Paul had constructed thirty discrete tests to perform, most of them numerical, but some were qualitative, searching and comparing the names and addresses of vendors, banks, warehouses, and products, as well as key words related to transactions, assets, destinations, and personnel. Connecting people, places, and patterns of behavior sometimes proved more valuable in cracking a fraud case, especially when the fraudsters were good at hiding the numbers. In fact, one of the Singapore banks that did business with Dalfan had been connected to the North Korean rare-earth-element debacle a few years ago, though no charges were ever filed. It was an interesting coincidence he would check out later.
But it was number-crunching that dominated Paul’s work. He believed that most fraudsters weren’t as good at hiding the numbers as he was in finding them, and he had the track record to prove it. But he was no fool, and it usually took a combination of both investigative approaches to crack the hardest cases. As far as he knew, Dalfan was innocent of any wrongdoing, but for the sake of this exercise, he was going to assume they were hiding something, and hiding it very well.
Would he find Dalfan vendors that changed bank accounts frequently? Had any Dalfan employees authorized multiple payments for items below a certain threshold limit to avoid triggering a limit alarm? Were there invoice receipts paid for amounts greater than the goods receipts they were matched to? How many purchase payments were made that exceeded the purchase-order amounts?
And then there was his Benford’s law search engine.
Paul rolled up his sleeves. It was going to be another long day, but it was still going to be a lot of fun. It was hard for him to believe that anybody could find this kind of work boring.
28
Okay,” Jack said. “So what else is there?”
“Mostly technical details,” Singh said. “Maybe not that interesting.”
“Try me.”
Lian’s eyes narrowed, calculating.
Jack flashed a roguish smile. “I’m sure those technical details will look really great on that report.”
She nodded to Singh, defeated. “Fine. Go ahead.”
Singh pointed at the video wall. He punched another button.
The red and yellow terminal points flashed specific addresses, then a list of names and accompanying photos of the occupants of each residence on record. Singh paused the program again.
“Where did you get that data?” Jack asked.
“What you see on the screen right now is all OSINT. Facebook, Twitter, LinkedIn, YouTube — these are all big platforms in Singapore just like the U.S. We also utilize phone number listings, tax records, and all of the public filings.” Singh paused. “But because this is a pilot project for the SPF, we’re also linked into their databases — immigration, prison records, internal security, civil defense, and even Interpol. So we can get virtually any information we need about anybody at any time if they’re in Singapore.”
“And you’re pulling all of them together into one analytical platform?”
Singh beamed with pride. “My teams write great algorithms. That’s our secret weapon, Mr. Ryan.”
“Even more impressive.”
Singh then highlighted the photo of a twenty-eight-year-old male named Ho who was living in the red terminal point. He tapped another key and more data came up. “You can see that Mr. Ho is employed by the delivery company we’ve been tracking. So now we have a good confirmation that he’s one of our targets.”
Singh hesitated.
“Is there a problem?”
Singh glanced at Lian one last time for a final nod of confirmation.
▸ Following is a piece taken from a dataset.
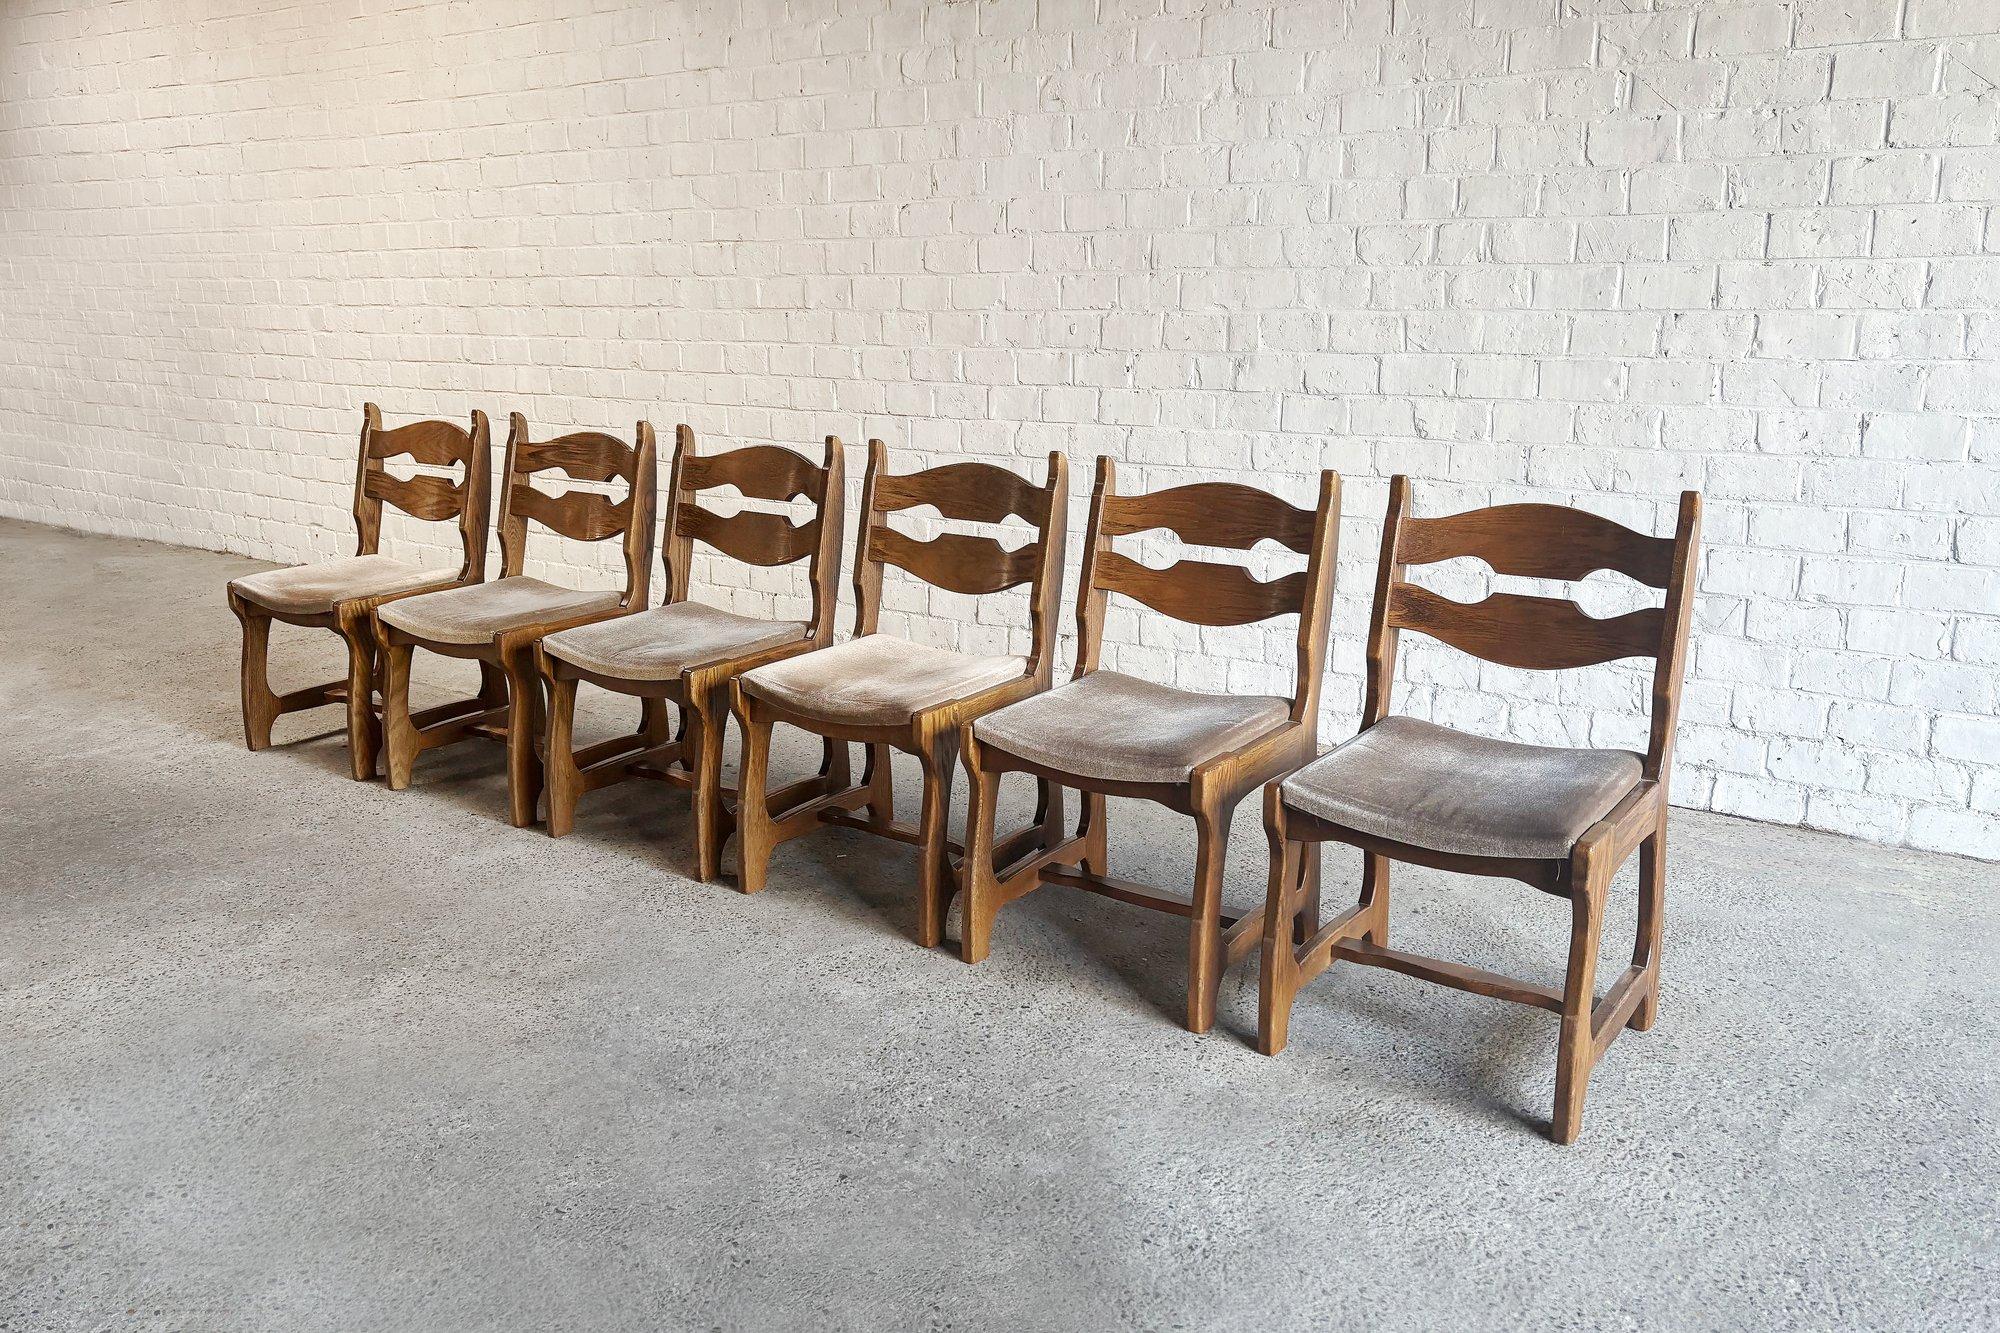 Magnificent and unusual set of 6 massive oak chairs designed by Guillerme and Chambron for Votre Maison, circa 1950. Original beige velvet seats. These chairs convey a brutalist yet organic look.
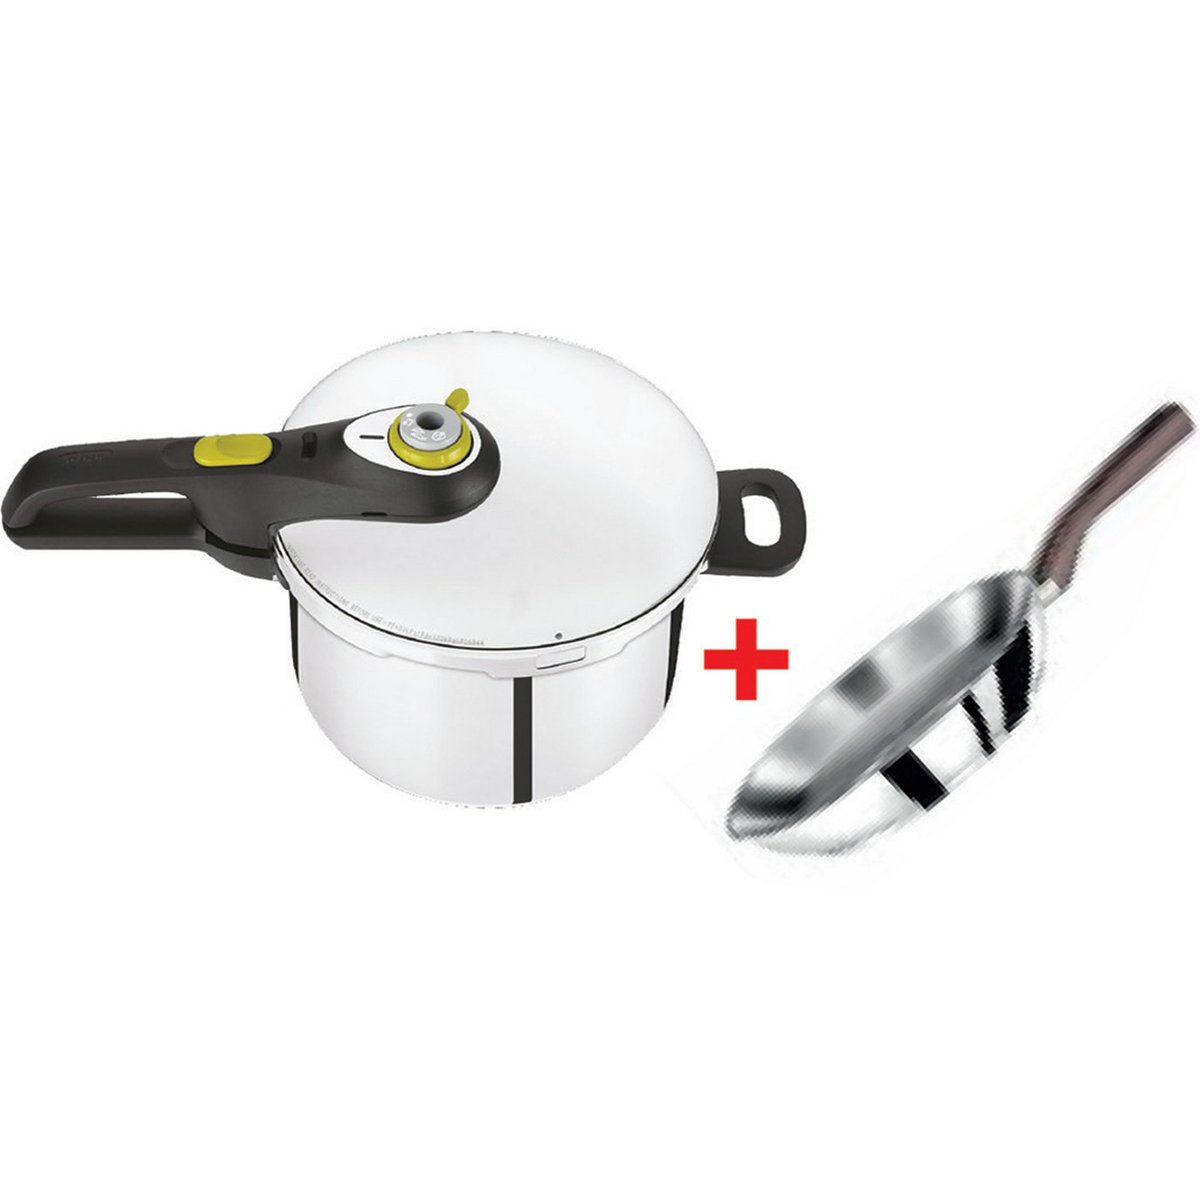 Tefal Secure Neo Pressure Cooker 6Ltr + Intuition Fry Pan 20cm

Singh continued. “If we let the software keep tracing their movements from the previous day, week, month, or year, we can collect all sorts of interesting data. Every time they enter a building we can determine who they are meeting with. Then we can trace the movements of those new targets as well. In this way, we can reconstruct entire networks of people, establish relationships, property locations, patterns of movement, et cetera, and all in far less time and for far less cost than traditional methods.”
Jack ran the calculations in his head, multiplying the number of policemen times the number of hours in stakeouts, surveillance ops, shift rotations, vehicle miles driven, and a dozen other cost factors that added up to hundreds of thousands of dollars in salaries and expenses for even small intelligence operations over a decent length of time.
“Let me show you a quick example. We’ve been running this test program for the last sixty-four days. So let’s see what Mr. Ho has been up to.”
Singh tapped several more keys. First, he cleared the screen of the yellow line representing the other delivery driver, then extended the time-trace parameter to sixty-four days. Nearly instantly, the screen filled with a crazy spiderweb of red lines, all tracing Ho’s movements, and all centered on Ho’s residence. The red lines mostly tracked along the same routes, with a few loose strands snaking around the island to parks, recreation areas, and shopping centers.